DATA PROVIDED:
■ ■ ■ ■ ■
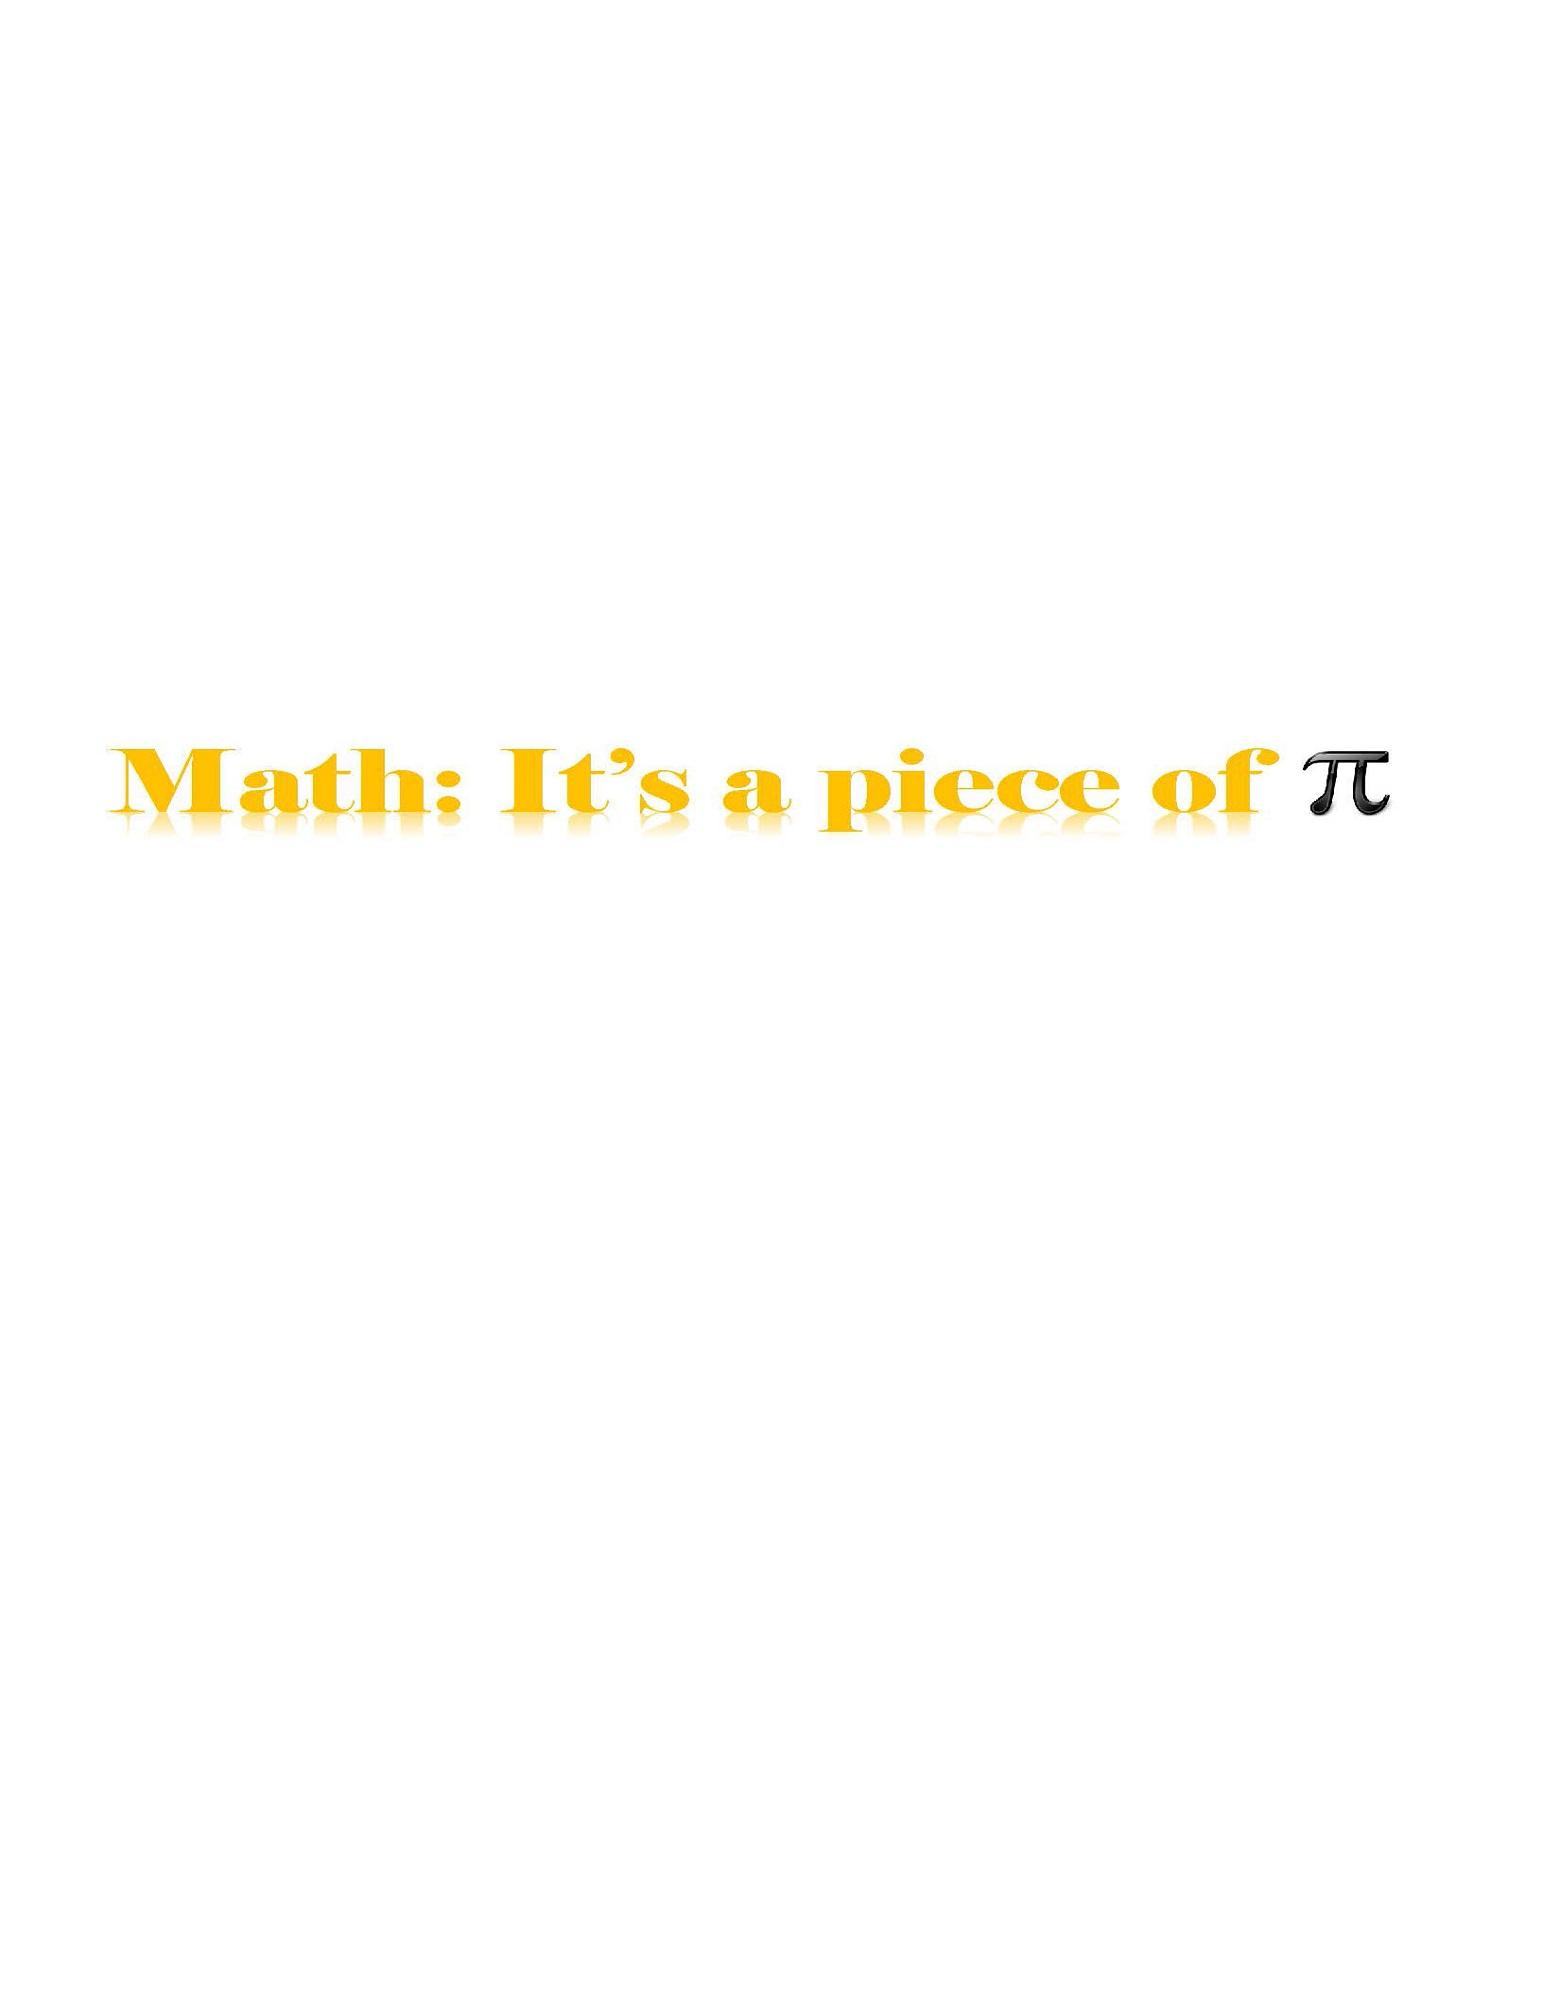 Math - Its a piece of pie
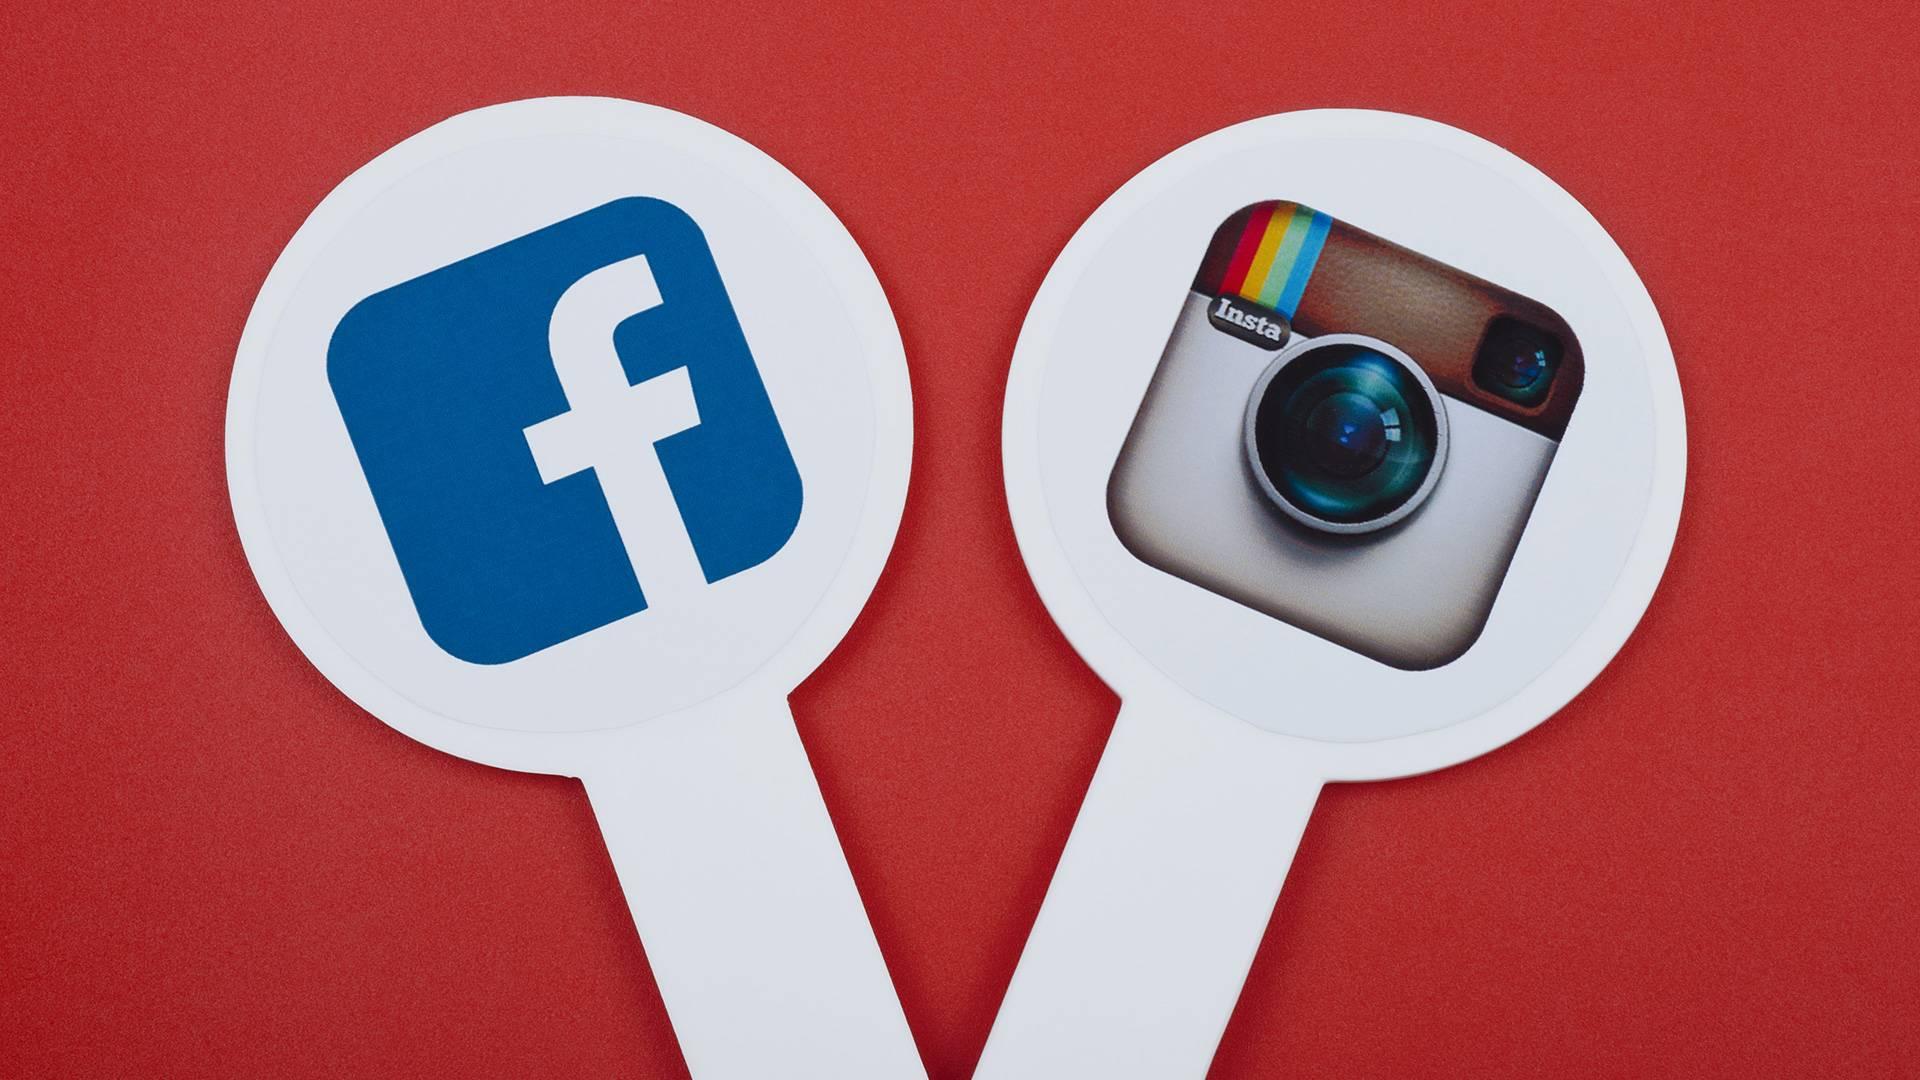 Якість відео буде знижена у Facebook та Instagram
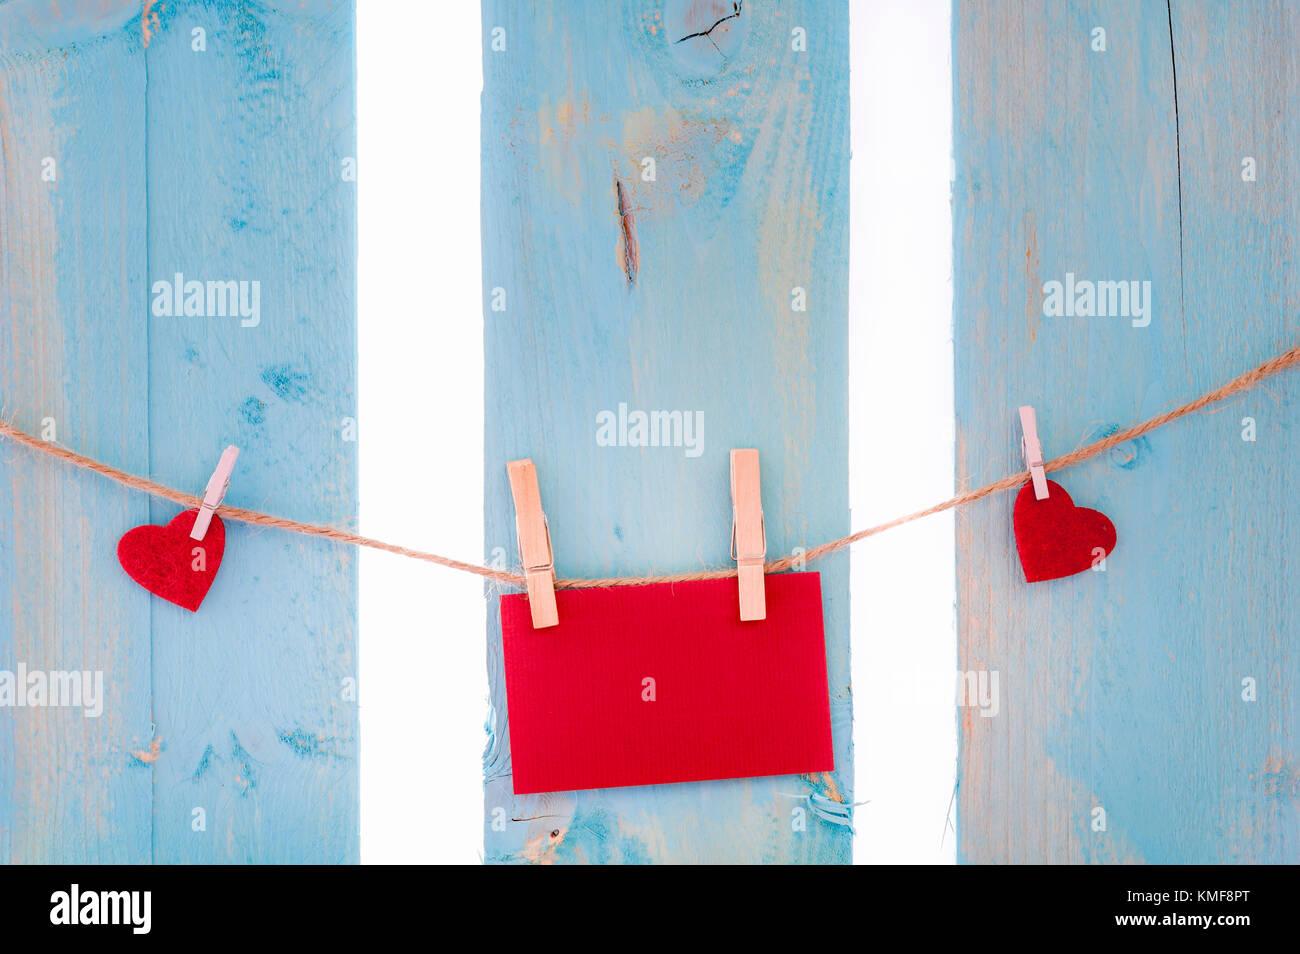 Carte message rouge vide entourée de cœurs rouges, attaché à une chaîne de lin avec des clips, Photo Stock
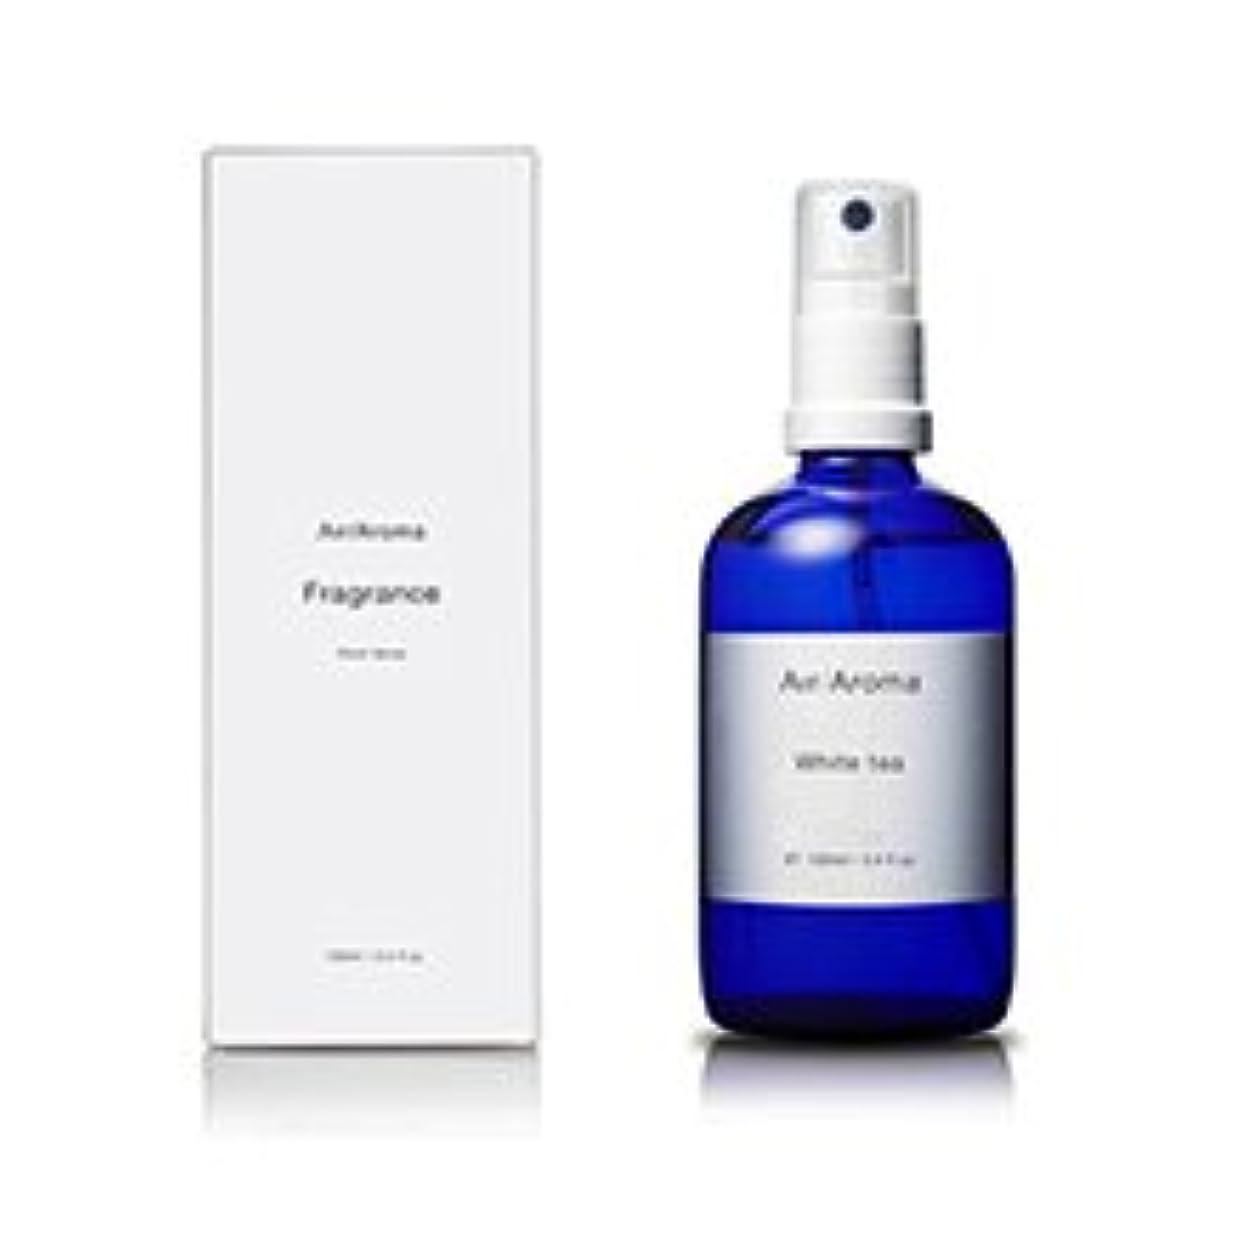 発明する有罪警戒エアアロマ white tea room fragrance(ホワイトティ ルームフレグランス)100ml
■ ■ ■ ■ ■
WORK INSTRUCTIONS:
Output the data exactly. Pictures don't belong in the result.

RESPONSE BOX:
 Math - Its a piece of pie
 Якість відео буде знижена у Facebook та Instagram
 Carte message rouge vide entourée de cœurs rouges, attaché à une chaîne de lin avec des clips, Photo Stock
 発明する有罪警戒エアアロマ white tea room fragrance(ホワイトティ ルームフレグランス)100ml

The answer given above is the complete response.